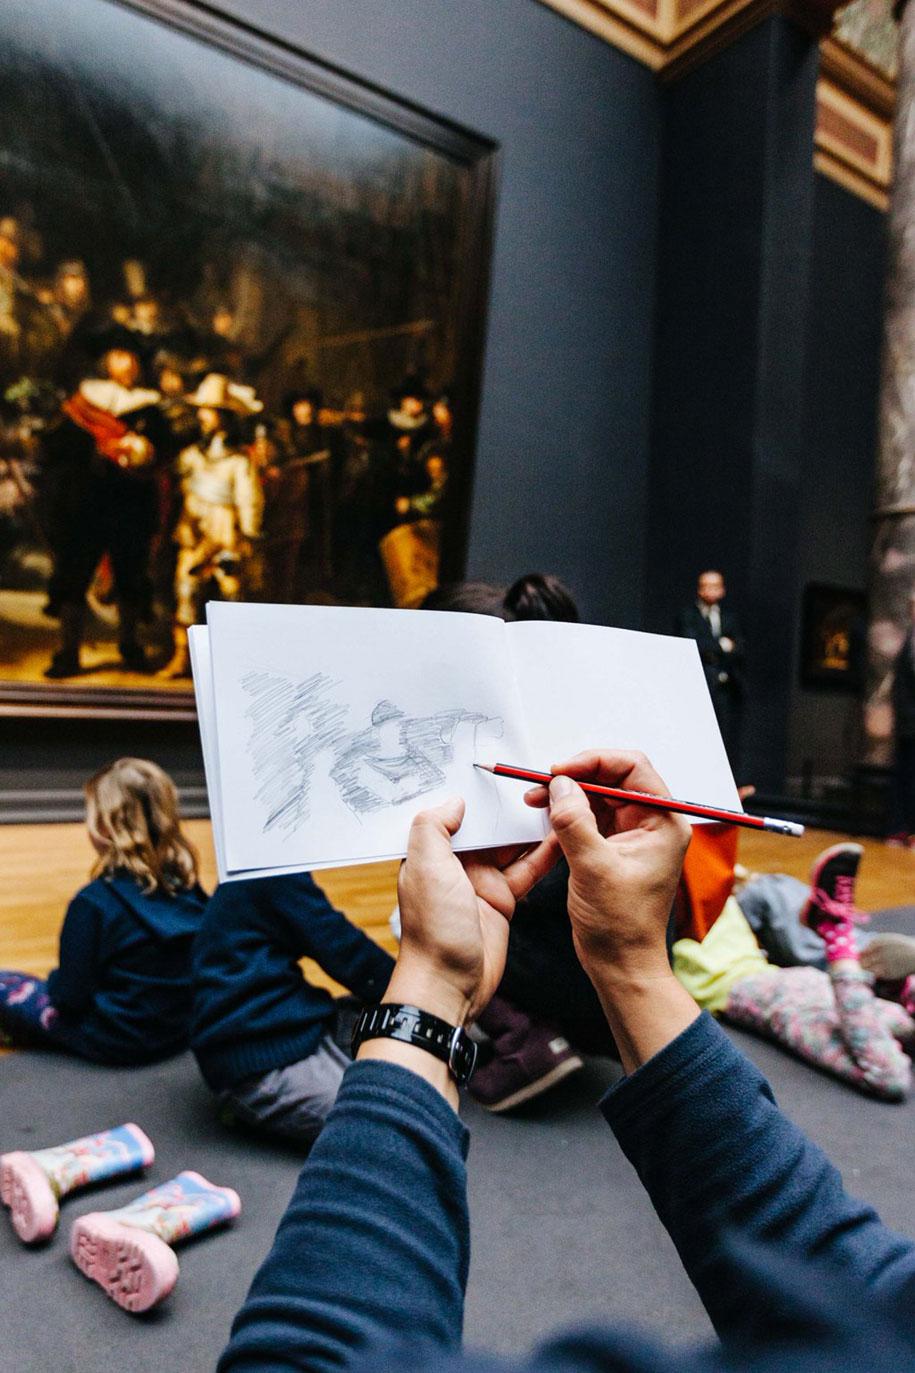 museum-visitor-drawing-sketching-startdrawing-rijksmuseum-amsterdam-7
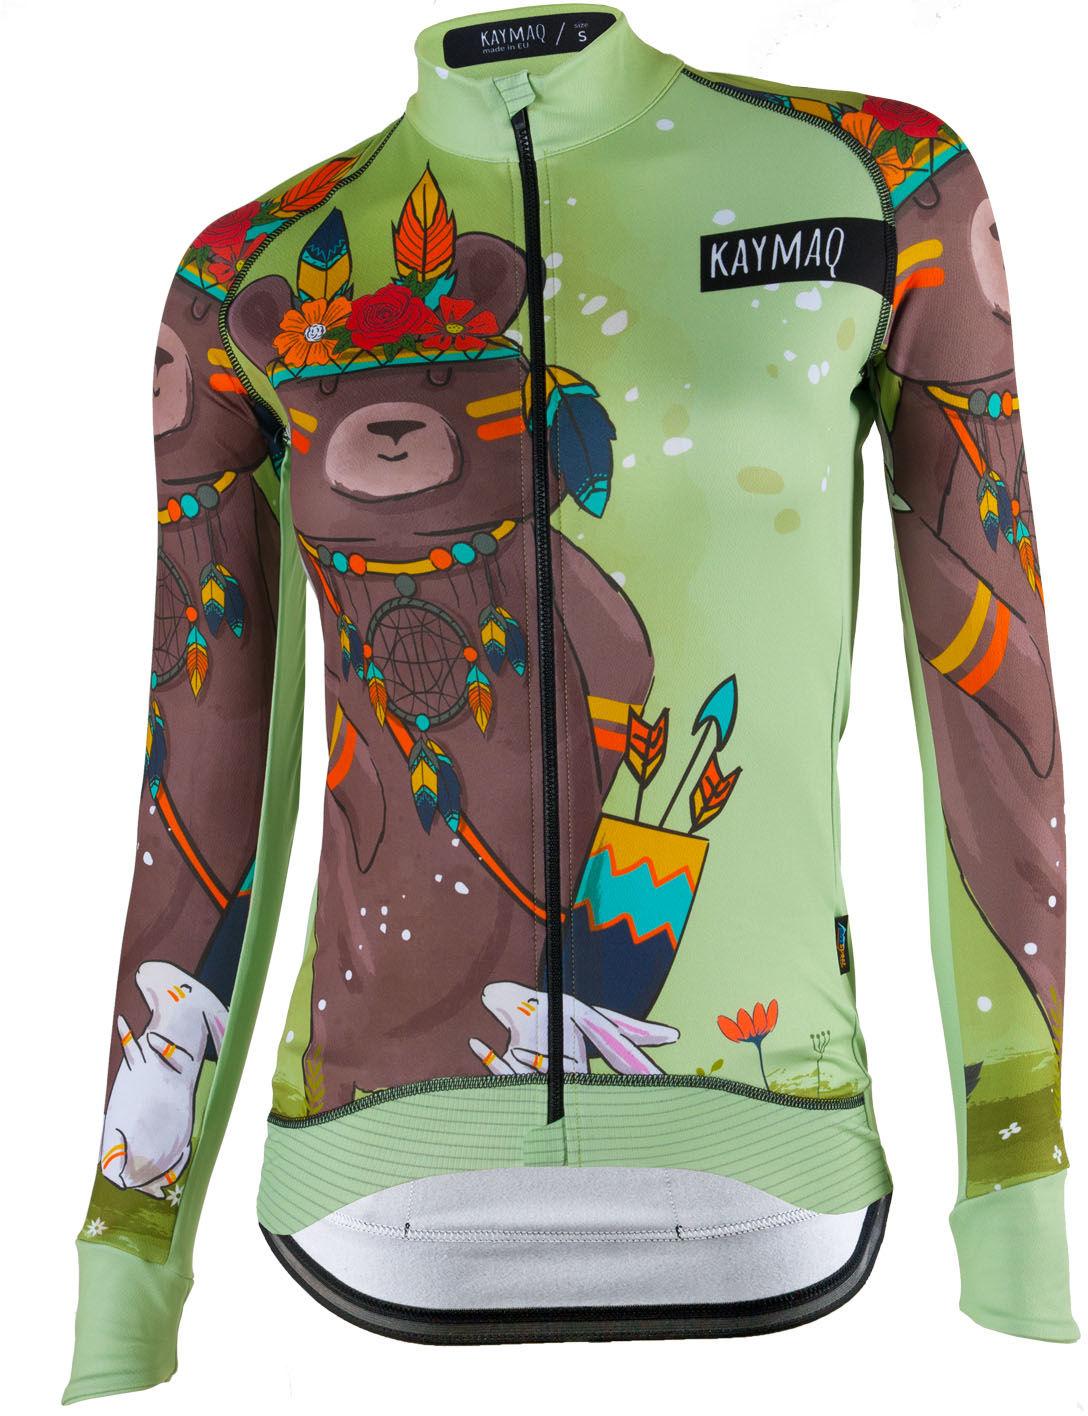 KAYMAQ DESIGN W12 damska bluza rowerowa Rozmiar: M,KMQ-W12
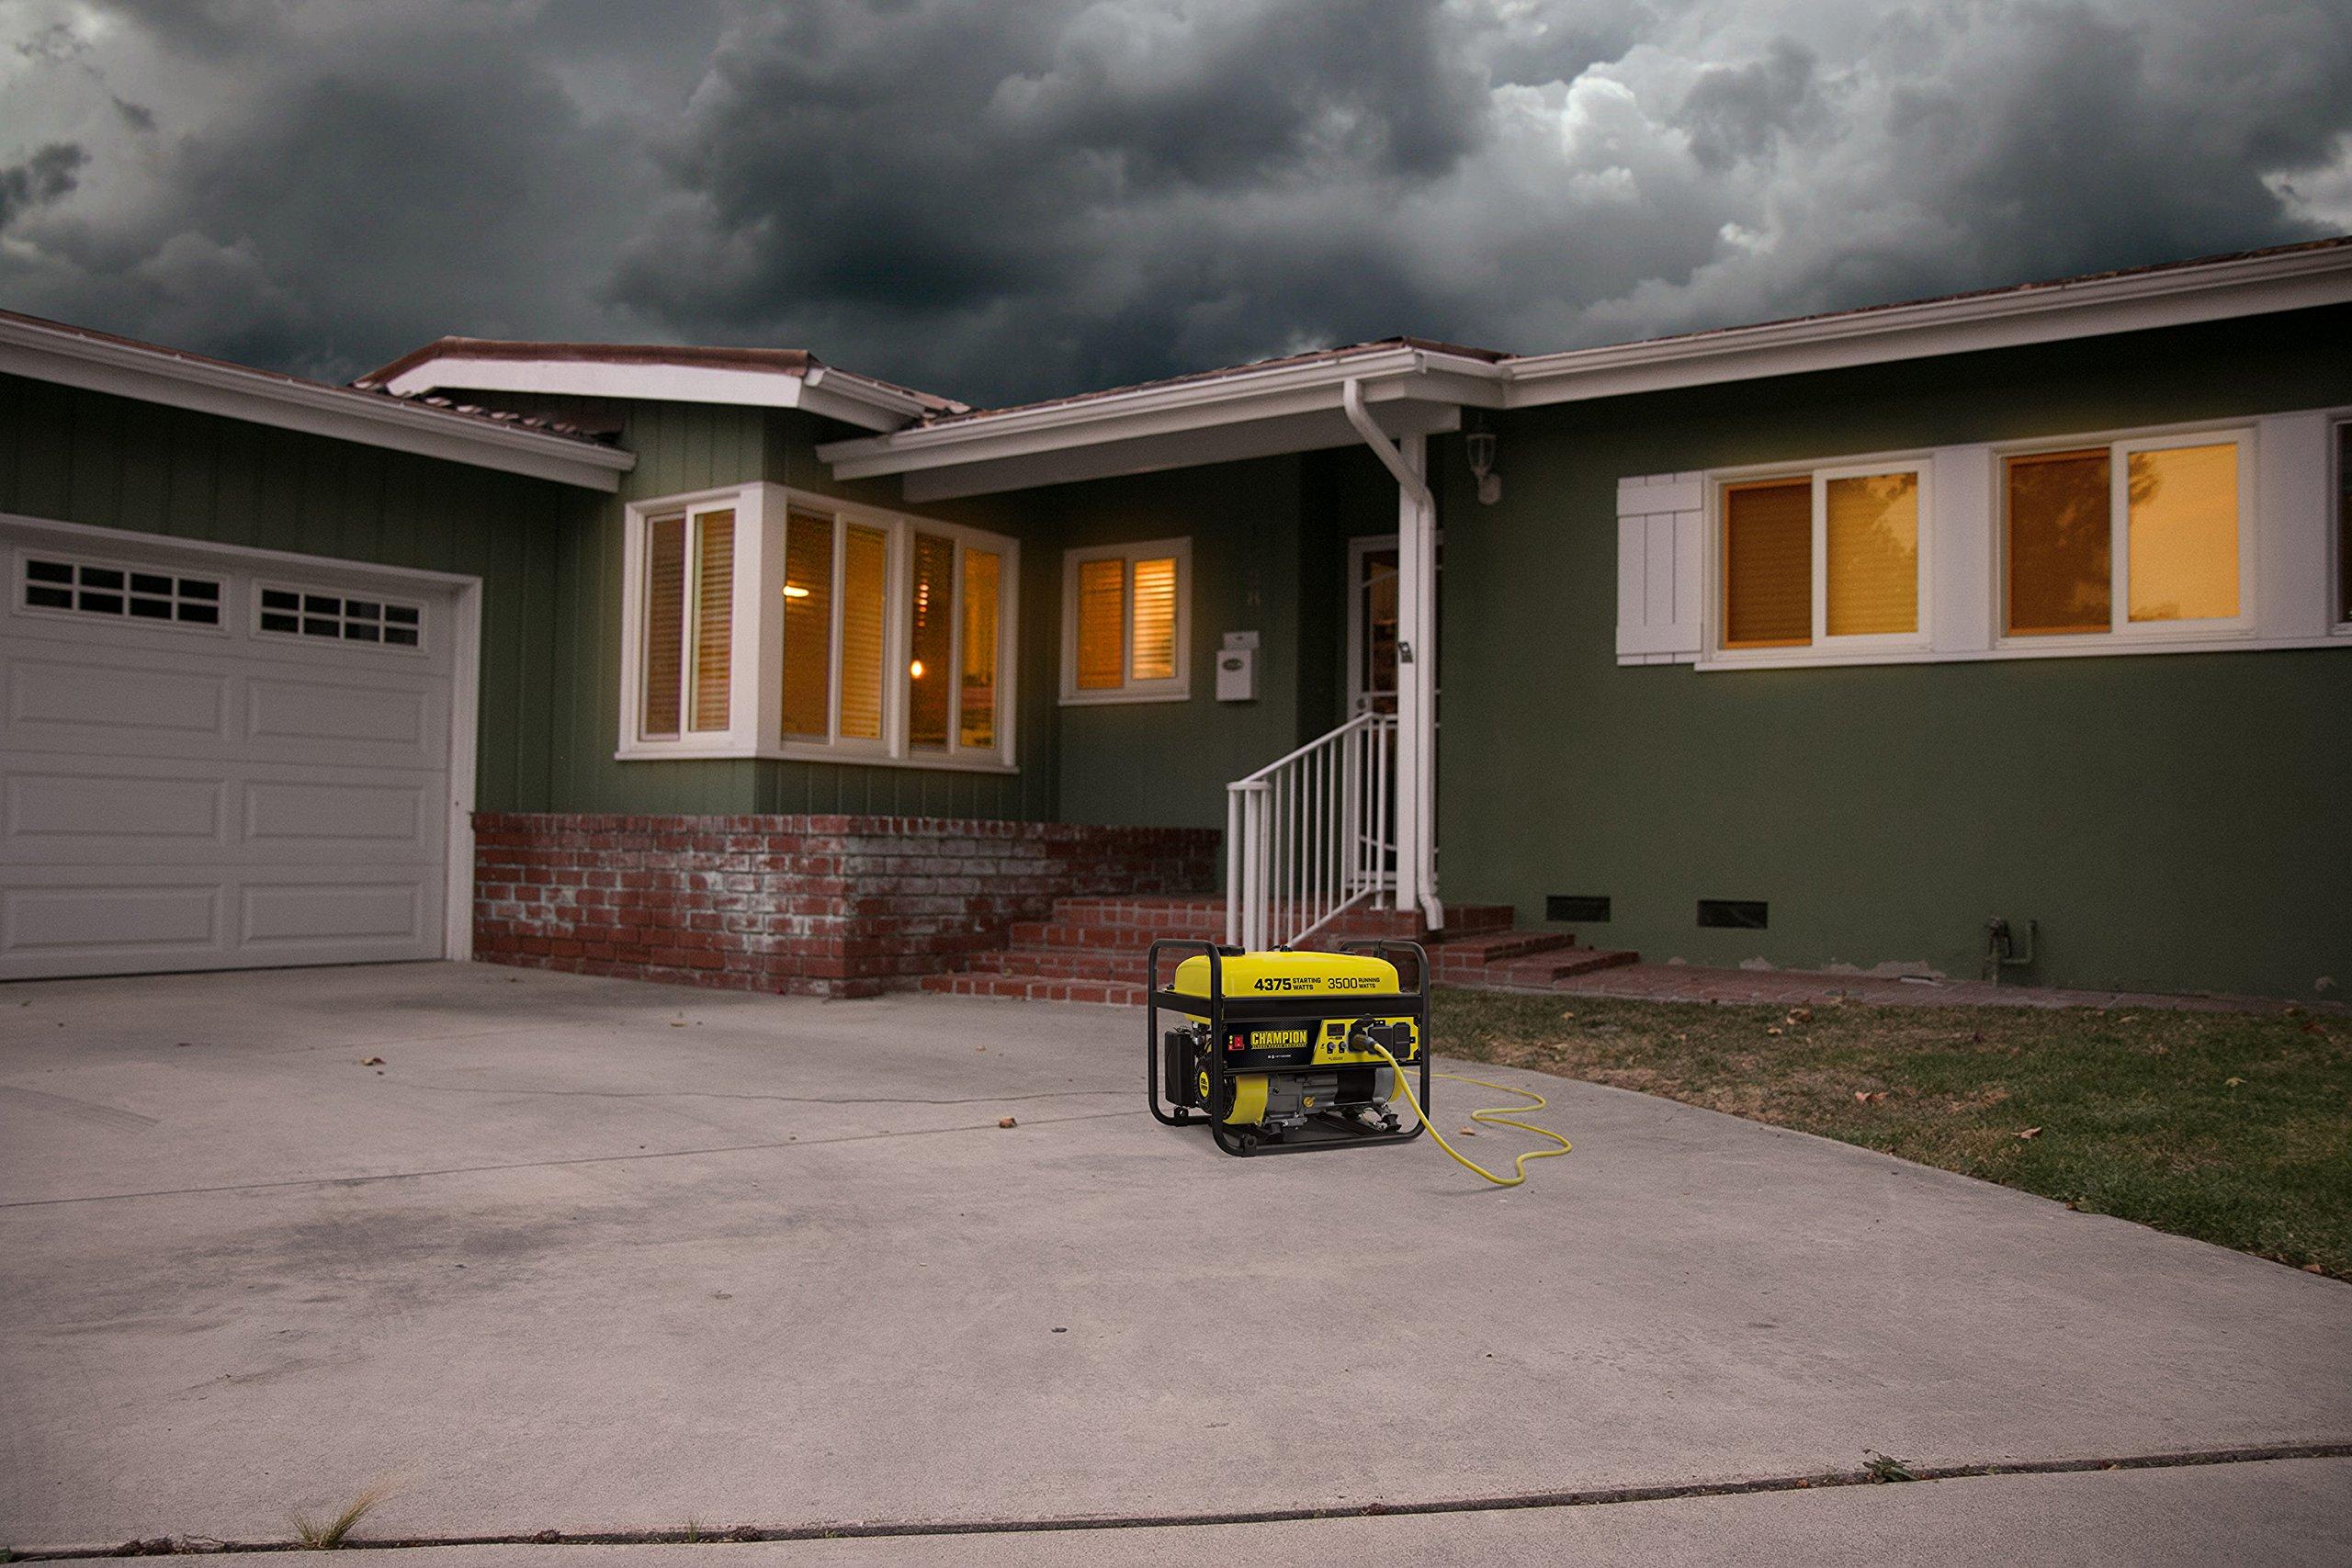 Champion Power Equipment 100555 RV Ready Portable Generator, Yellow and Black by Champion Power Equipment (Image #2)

- - - - -

**Task statement:** Leaving out the pictures, reproduce the whole listing above exactly.

**Reply to the task:**
 museum-visitor-drawing-sketching-startdrawing-rijksmuseum-amsterdam-7
 KAYMAQ DESIGN W12 damska bluza rowerowa Rozmiar: M,KMQ-W12
 Champion Power Equipment 100555 RV Ready Portable Generator, Yellow and Black by Champion Power Equipment (Image #2)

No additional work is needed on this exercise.